Arch wiki has a slight variation.

----------

## jserink

 *Hu wrote:*   

> Why are you mounting devtmpfs at /dev/shm?  You should never mount devtmpfs explicitly.

 

Because of this:

2. devtmpfs support:

You need at least version 2.6.32 of the kernel for devtmpfs

functionality. Once you have this, make sure CONFIG_DEVTMPFS=y is set

in the kernel configuration. See the gentoo udev guide for the option in

make menuconfig [1].

If you have a line for /dev in /etc/fstab, make sure it is configured

for file system type devtmpfs (not tmpfs or any other type). Also, you

can remove this line if you prefer, since devtmpfs is mounted

automatically.

I changed it to this:

shm		/dev/shm	tmpfs	nodev,nosuid,noexec,rw	0 0

And it works now.

Cheers,

John

----------

## SamuliSuominen

 *jserink wrote:*   

> 
> 
> I changed it to this:
> 
> shm		/dev/shm	tmpfs	nodev,nosuid,noexec,rw	0 0
> ...

 

There shouldn't be /dev/shm line in /etc/fstab at all, you are just replicating the defaults there as it's automounted already with those options.

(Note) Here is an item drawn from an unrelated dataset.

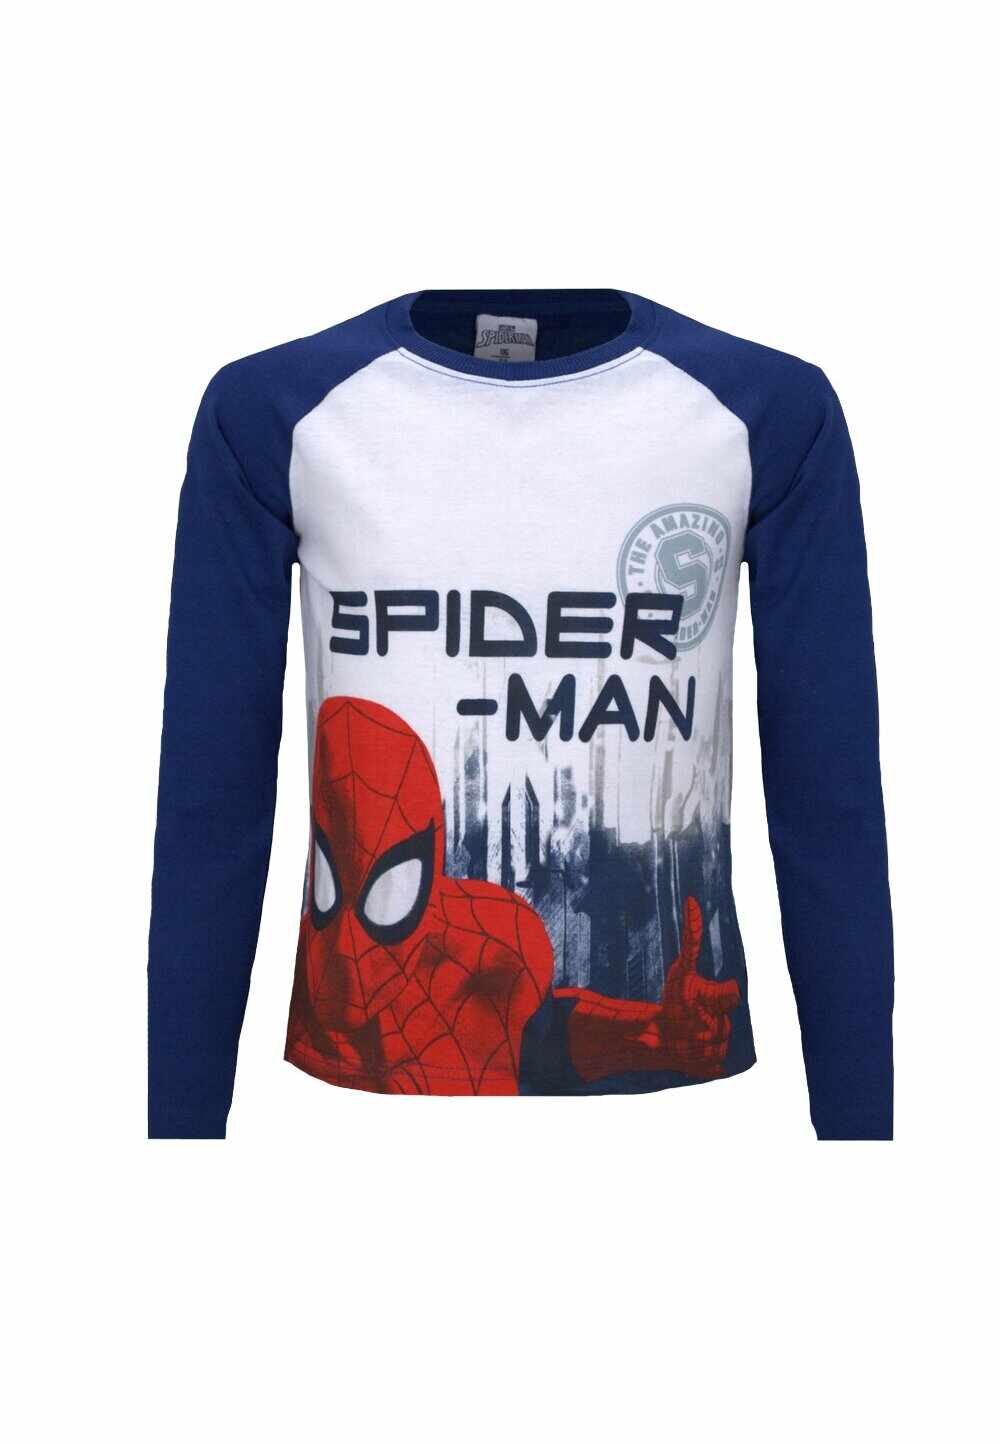 Bluza maneca lunga, bumbac, Spider Man, bluemarin

Some outdated guides are telling people to put

that line to /etc/fstab, but that's all they are, outdated guides.

----------

## PaulBredbury

 *ssuominen wrote:*   

> it's automounted

 

By what?

----------

## SamuliSuominen

 *PaulBredbury wrote:*   

>  *ssuominen wrote:*   it's automounted 
> 
> By what?

 

udev (udev, udev-mount init scripts, devtmpfs)

----------

## jserink

I've removed the shm entry from my fstab and everything still works so it appears it does not need to be there.

Good tip.

jserink@jserinki7 ~ $ cat /etc/fstab

# /etc/fstab: static file system information.

#

# noatime turns off atimes for increased performance (atimes normally aren't 

# needed); notail increases performance of ReiserFS (at the expense of storage 

# efficiency).  It's safe to drop the noatime options if you want and to 

# switch between notail / tail freely.

#

# The root filesystem should have a pass number of either 0 or 1.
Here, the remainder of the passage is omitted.